Impromptu (Ex tempore)


Vent

A morning coalescence, abrupt, impromptu. There’s the terrific epigraph William Fuller puts forth in Avoid Activity (Rubba Ducky, 2003), quoting Marsilio Ficino to Francesco Musano: “You asked me yesterday to transcribe for you that maxim of mine that is inscribed around the walls of the Academy. Receive it. ‘All things are directed from goodness to goodness. Rejoice in the present; set no value on property, seek no honours. Avoid excess; avoid activity. Rejoice in the present.’” (How different—though one ought admit, there is a difference between discipline and “activity”—is Dahlberg’s claim in the Confessions: “Delay is an impostume in the soul.
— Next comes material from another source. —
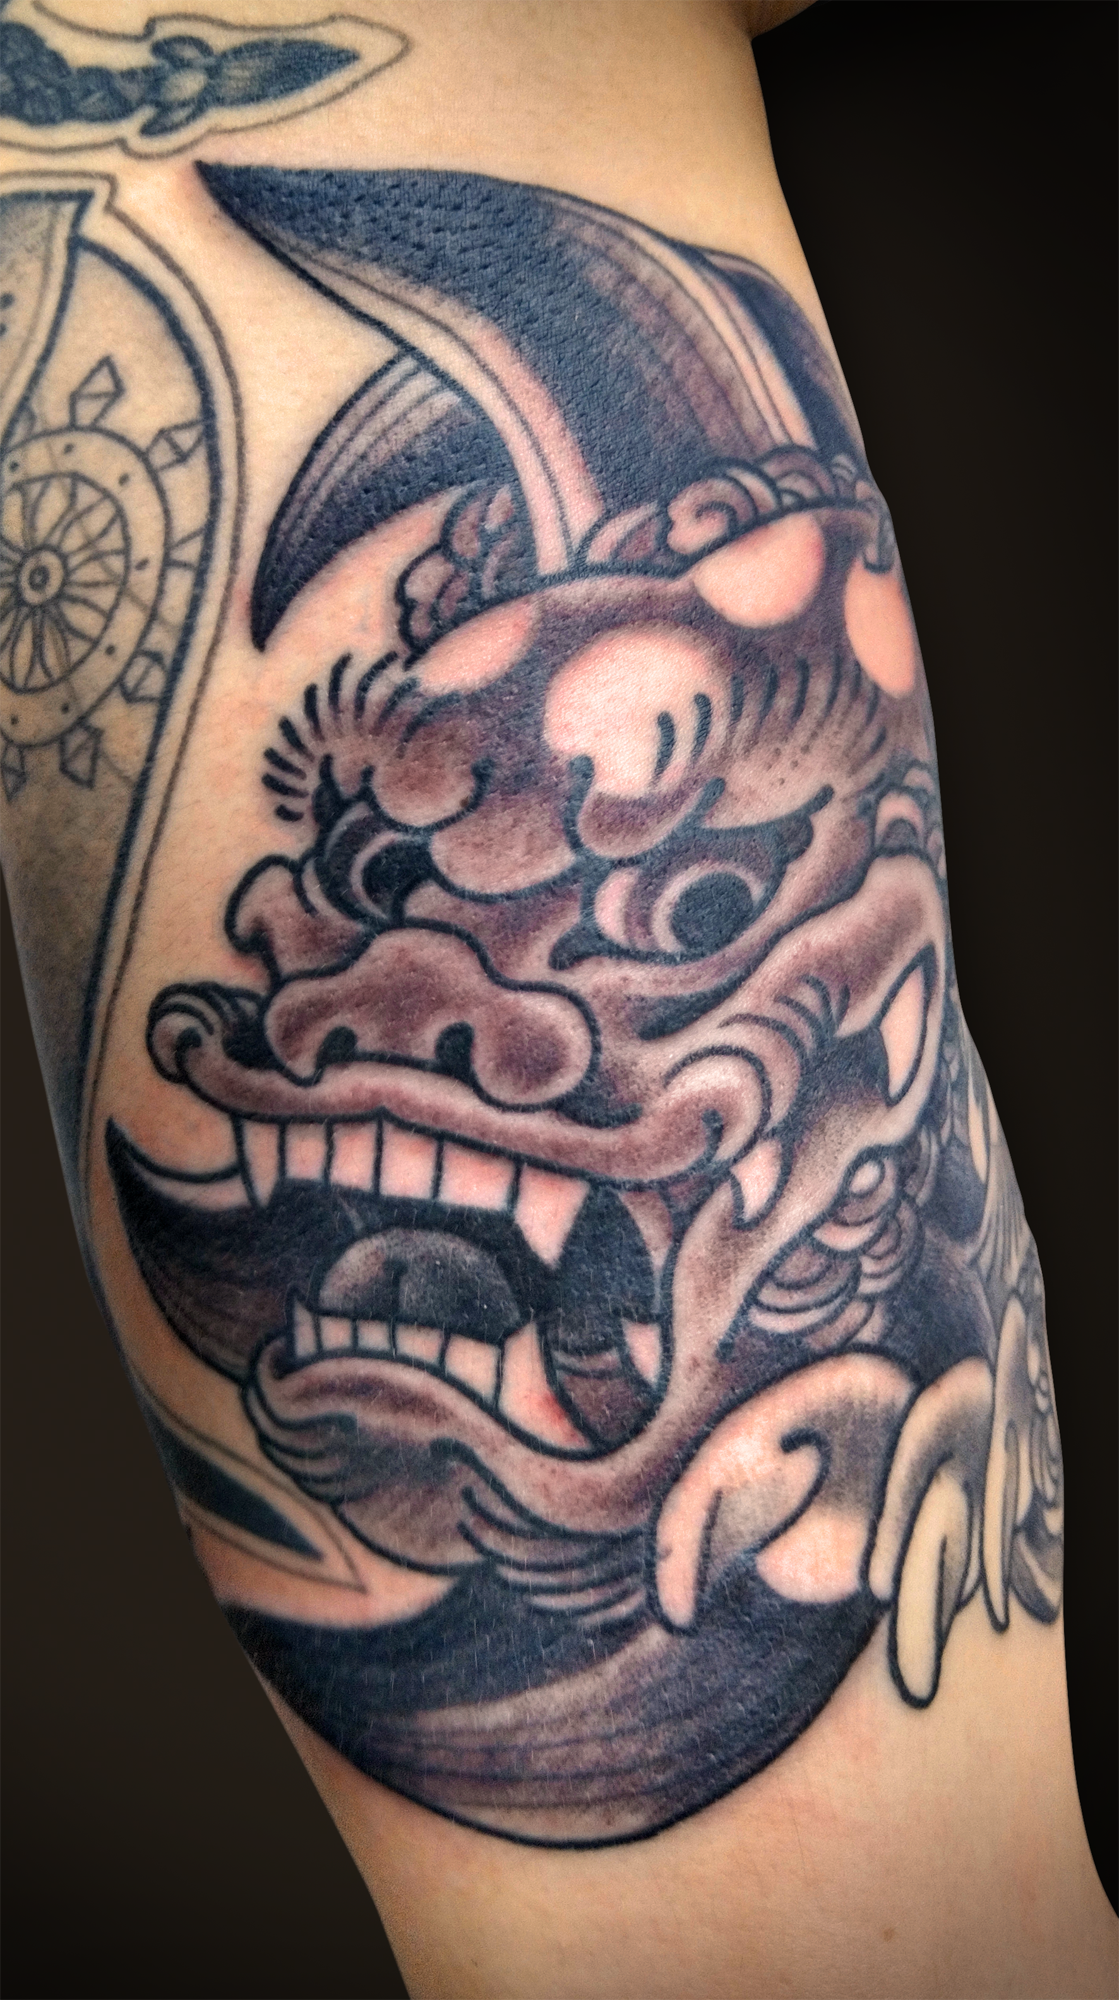 KING RAT TATTOO 作品 | LAVA gallery | Tattoo artist: Yuji Anai | キングラット | ラバギャラリー | タトゥーアート | 福岡県北九州市 | KIMG0035

He who does not whet his will every hour perishes of velleity . . . He who does nothing kills the sprouting bubbling plants; his foot is dead and his neck is froward.”) There’s the fire-up to Roy Fisher’s A Furnace (Oxford University Press, 1986) in that book’s “Preface”: “A Furnace is an engine devised, like a cauldron, or a still, or a blast-furnace, to invoke and assist natural processes of change; to persuade obstinate substances to alter their condition and show relativities which would otherwise remain hidden by their concreteness; its fire is Heraclitean, and will not give off much Gothic smoke.” And there’s the brown creeper I study’d, working an ash in Winnetka, repeatedly spiraling up the trunk, “felicitously probing the interstices,” only to launch itself out in a straight dive toward earth, and, with a floppy recovery, showing its whitish belly, re-attach itself to the trunk and recommence. That’s the very ash I did find myself sitting under—in the middle of writing “The Everyday”—several months back:
An ash in Winnetka, next
To a splay of inky
Caps in the process of
Decomposition, blacking up the grass
With greasy spore-offal. Cutthroat
Teens in SUVs, spawn of
The shitless rich, gun by
Shouting the few obscenities they
Know . . .
Thus a momentary fusing of inimitables calls forth the giddy levity of counter-finger’d time, tumbles into the ditch of its own protean swath (think of how Dahlberg combat’d the tendency of any critical nudge to “embalm the figure in the aural incoherencies of the period and insert him in a historical socket”) . . . Meaning, one supposes, that a strenuously-maintain’d solitude abets a madness akin to timelessness (Roberto Bolaño says, somewhere in Monsieur Pain (New Directions, 2010) that solitude is “perhaps the subtlest or at least the most lucid of the forms that madness can take”). With no exterior “markers,” anamnesis—that simple calling back of “matter” (“obstinate substances,” though they exist only in the banal quivery “chambers” of the brain-box, furtive and undeployable)—becomes a continuum, an unvariegated slurry. Bolaño’s Jack Spicer radio is evident in Monsieur Pain too, who is assail’d by “a private radio station,” who seemingly becomes its sole and “fortuitous receptor”: “The demented radio drama assailing me was no doubt an anticipation of hell: a hell of voices connecting and disconnecting in a buzz of a static . . . forming duos, trios, quartets and entire choruses . . .” End of impromptu. End of probing and jointure. Tomorrow, neck “froward,” another “straight dive toward earth.” Clean, or troubled by “Gothic smoke.”